Текст книги "Цвет и крест"
Автор книги: Михаил Пришвин
сообщить о нарушении
Текущая страница: 16 (всего у книги 42 страниц)
Огонек тления, горевший над армией, ныне горит над земледелием и будет гореть, пока каждый из граждан Российской республики не получит, как мертвец, равный другому кусок земли. Мой хутор в девятнадцать распашных десятин земли, с клеверами, восьмипольем и замыслом земледельческой школы, стоял до сих пор, как последний офицер земледельческой армии. Прошлый год, чтобы удержать за собой хуторок, я сделал героическое усилие: без посторонней помощи, без работника, без поденщиков, даже без домашней прислуги я убирал хлеб, пахал и сеял озимое. Нет! ничто не помогло; нынче трудовую норму мою не признали, распоряжаться я ничем своим не могу: две коровы у меня – одну успели потихоньку продать, а то бы отобрали, чтобы со всеми сравнять; лошадь вторая сама околела; я не могу сдать свой сад в аренду – сад, насаженный моей матерью, принадлежит комитету; только дом, который выстроил я на том самом месте, где в детстве моем стоял яблочный шалаш арендаторов сада, откуда я в детстве воровал яблоки, – этот дом еще мой, я в нем жить могу.

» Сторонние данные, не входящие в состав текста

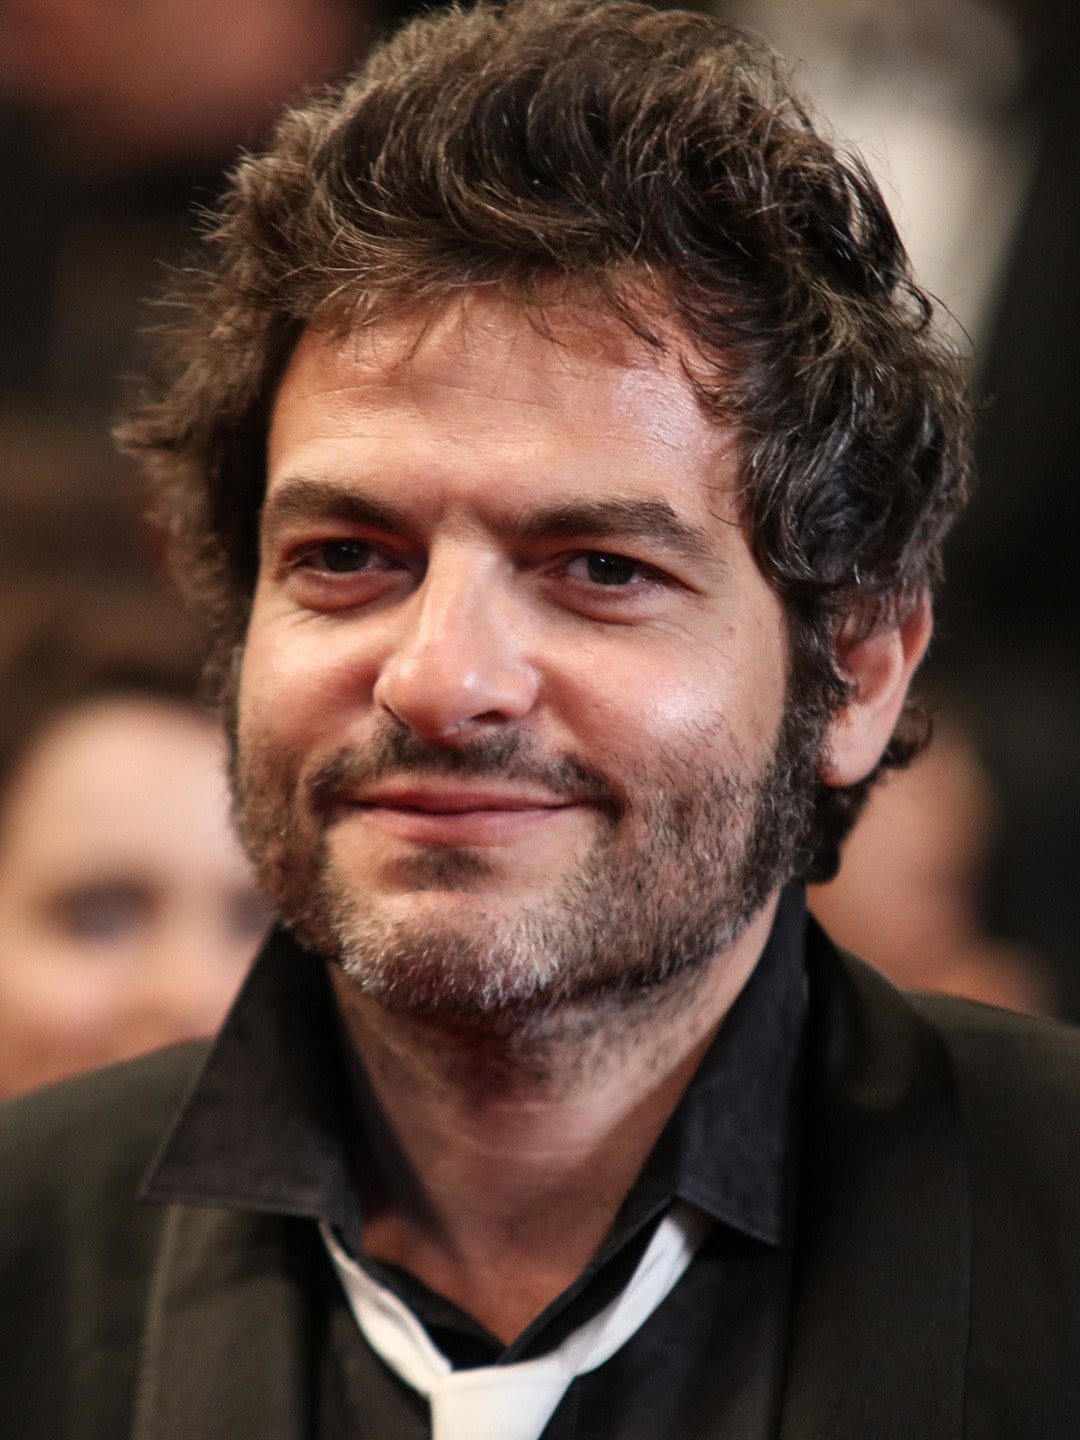 Matthieu Chedid French Singer, Songwriter, Composer, Actor

Я приехал к посеву, но сеять не могу, потому что земля, вспаханная мной осенью под яровое, – не моя земля, я должен ждать, пока не разделят всю землю нашей волости по живым душам, поровну: по одной четверти десятины на душу.

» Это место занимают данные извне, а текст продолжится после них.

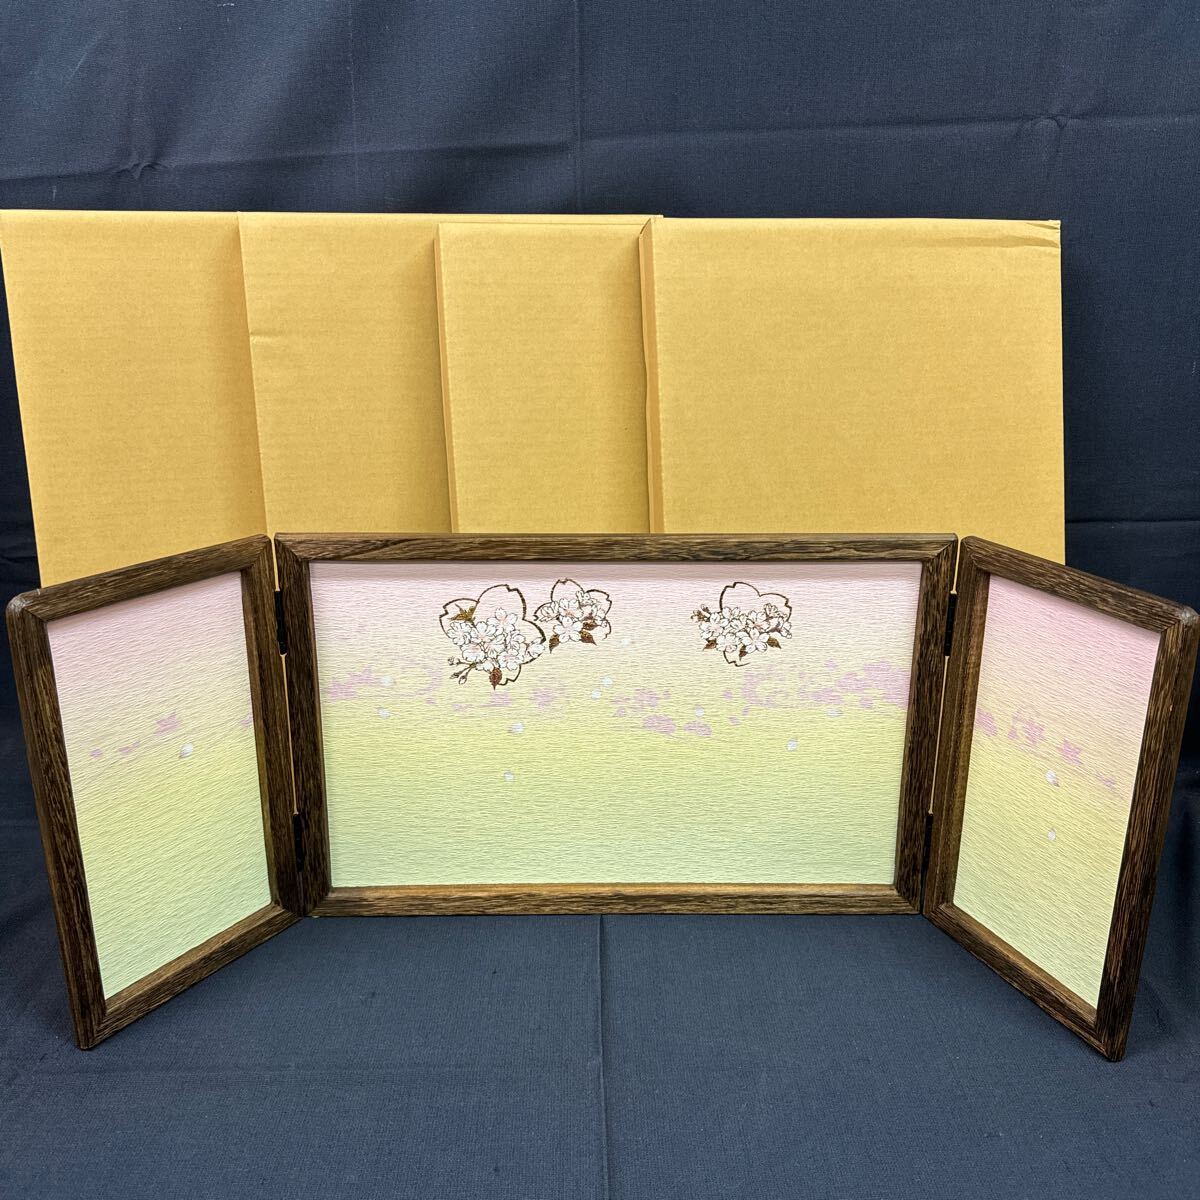 ◆Unused stored items Baked paulownia folding screen 4-piece set Sold in bulk No. 10 Contour cherry blossoms Height approx. 30cm Hina dolls Doll's festival Hina dolls Decoration Interior Lucky charms 155-81, season, Annual event, Doll's Festival, Hina doll

Никто не ревнив так к своему делу, как земледелец, и вот душевное состояние человека, когда нужно сеять, а сеять не дают на собственной земле, которую сам пахал и которую купили предки мои сто лет тому назад. Одно утешение, что и всем так: каждый хозяйственный мужик, купивший сверх надела земли, арендатор, имевший лишнюю корову и лошадь, огородник-специалист, снимавший под капусту десятину, – всякий сидит сложа руки и ожидает «декрета».
Вот мы встречаемся:
– Ну, что пахота?
– Ничего: я жду декрета.
Наш Смольный – одно имение, которое теперь называется «культурным» и где засел комитет, защищаемый пулеметами. Почти все имения вокруг разграблены, инвентарь разобран, скот уведен, только одно на волость оставлено «культурное» имение: задача его – переделить всю землю волости на мельчайшие полоски, как во времена глубочайшей древности, и смести всякую земледельческую культуру.
И все бы это ничего: я лично, хотя и агроном по образованию, но как всякий русский интеллигент, в душе большевик. Мне, например, не скрою, очень занятно сейчас думать, что сладкое блюдо помещиков зажато мужицкими руками. Как бы лично я ни страдал, этого я не выкину из сознания, что тут действуют рок и возмездие.
Я только против ханжества и маскарада: зачем называть себя культурным и говорить словами иностранными, когда явно идешь против культуры. Я не выношу этого мещанства, этой заразы, которая сейчас же пожирает всякого русского, лишь только он коснется власти.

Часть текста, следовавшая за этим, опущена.